Trying to Provoke a Charge

It was our wish to get moving pictures of a rhino charge. Mr. Akeley had a machine and our plan of action was simple. We would first locate the rhino, usually somnolent under a thorn tree or browsing soberly out in the open. We would then get to the leeward of him and slowly advance the machine; Mr. Akeley in the middle and Stephenson and I on each side with our double-barreled cordite rifles. In case the charge became too serious to escape we hoped to be able to turn him or kill the rhino with our four bullets. If we were unsuccessful in doing so—well, we had to manage the situation by jumping.

Our first experience was most thrilling, chiefly because we expected a charge. We thought all rhinos charged, as per the magazine articles, and so prepared for busy doings. A rhino cow and half-grown calf were discovered on a distant hillside.

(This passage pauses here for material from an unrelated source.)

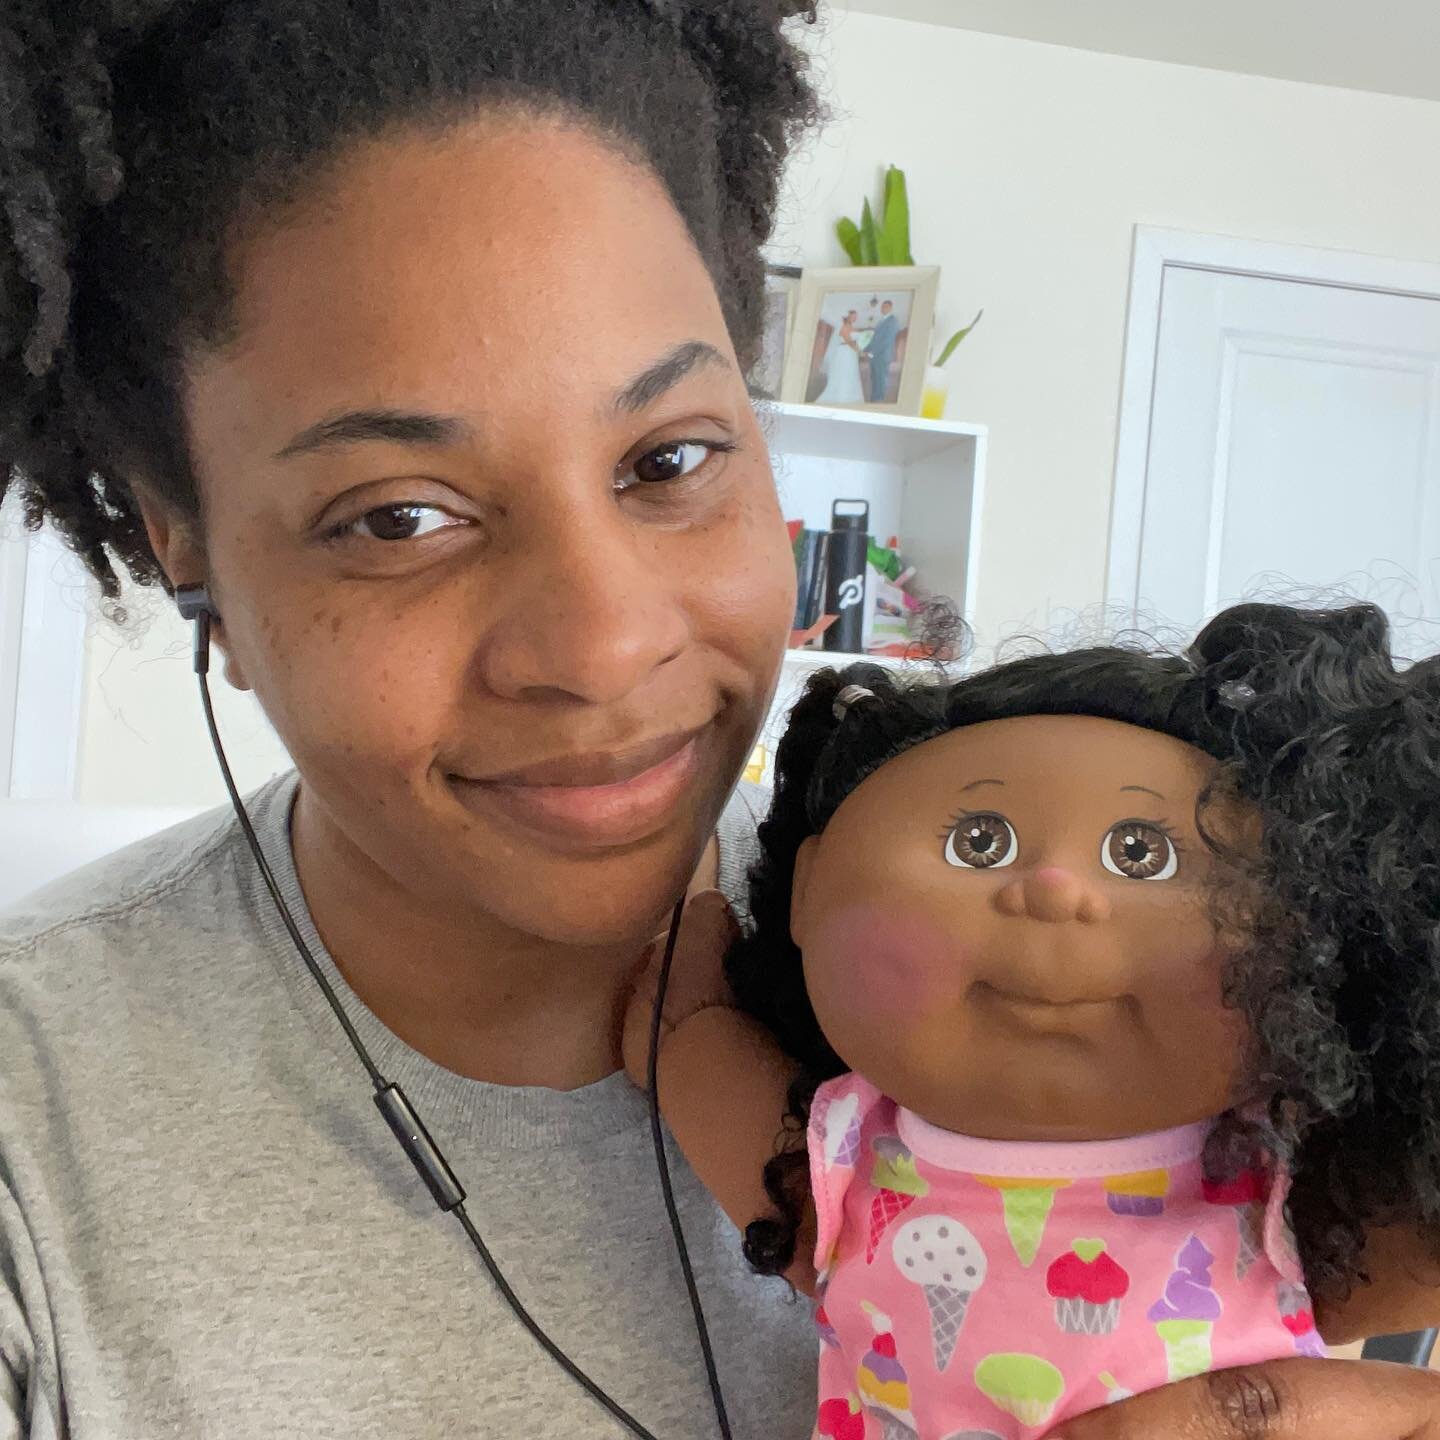 Happy Saturday! I know I preach this a lot, but it bears repeating. Diversify your toys. They are out there. I found a doll in all skin tones and conditions. I have Barbies with vitiligo, afros and braids. This never happened as a kid. 

It&rsquo;s s

We stopped in a ravine to adjust the picture machine and then crept cautiously up the hill until we were within about seventy yards of the unsuspecting pair. Then the rhino birds began to flutter and chatter and the two beasts began to sniff nervously. Finally they turned toward us, with tails erect and noses sniffing savagely. Now for the charge, we thought, for it was considered an absolute certainty that a rhino cow accompanied by its calf would always attack. We moved forward a few yards, clapped our hands to show where we were, and their attitude at once became more threatening. They rushed backward and forward a couple of times and faced us again.

By this time we knew that they saw us and our fingers were within the trigger guards. It was agreed that, if they charged, they should be allowed to come within forty feet before we fired, thus giving the picture machine time to get a good record. The situation was intense beyond description, and seconds seemed hours. When they started trotting toward us we thought the fatal moment had come, but instead of continuing the "charge," they swung around and trotted swiftly off in an opposite direction. As far as we could see them they trotted swiftly and with the lightness of deer, sometimes zigzagging their course, but always away from us. The charge had failed in spite of all our efforts to provoke it. The whistling and hand-clapping which we had hoped would give them our location without doubt had merely served to tell them the way not to go.

The moving picture record of a "charging rhino" would have been a brilliant success but for one thing—the rhino refused to charge.

During the following ten days we made many similar attempts to get a charge and always with nearly the same results. Once or twice we got within thirty yards before they finally turned tail after a number of feints that looked much like the beginning of a nasty charge. It was always intensely thrilling work because there was the likelihood that we might get a charge in spite of the fact that a dozen or so previous experiences had failed to precipitate one.

In several cases the first rush of the rhino was toward us, but instead of continuing, he would soon swing about and make off, four times as badly scared as we were. It seemed as though these preliminary rushes toward us were efforts to verify the location of danger in order to determine the right direction for escape. In all, we made between fifteen and twenty different attempts on different rhinos to get a charge, but with always practically the same result, yet with always the same thrill of excitement and uncertainty.

The End of the Charge

Comprehensive statistics on a rhino's charges are hard to obtain. The district commissioner at Embo told me that he had been ordered to reduce the number of rhinos in his district in the interest of public safety and that he had killed thirty-five in all. Out of this number five charged him. That would indicate that one rhino in seven will charge. Captain Dickinson, in his book, Big Game Shooting on the Equator, tells of a rhino that charged him so viciously that he threw down his bedding roll and the rhino tossed it and trampled it with great emphasis, after which it triumphantly trotted away, elated probably in the thought that it had wiped out its enemy. A number of fatalities are on record to prove that the rhino is a dangerous beast at times, and so I must conclude that the rhino experiences we had were exceedingly lucky ones, and perhaps exceptional ones in that respect.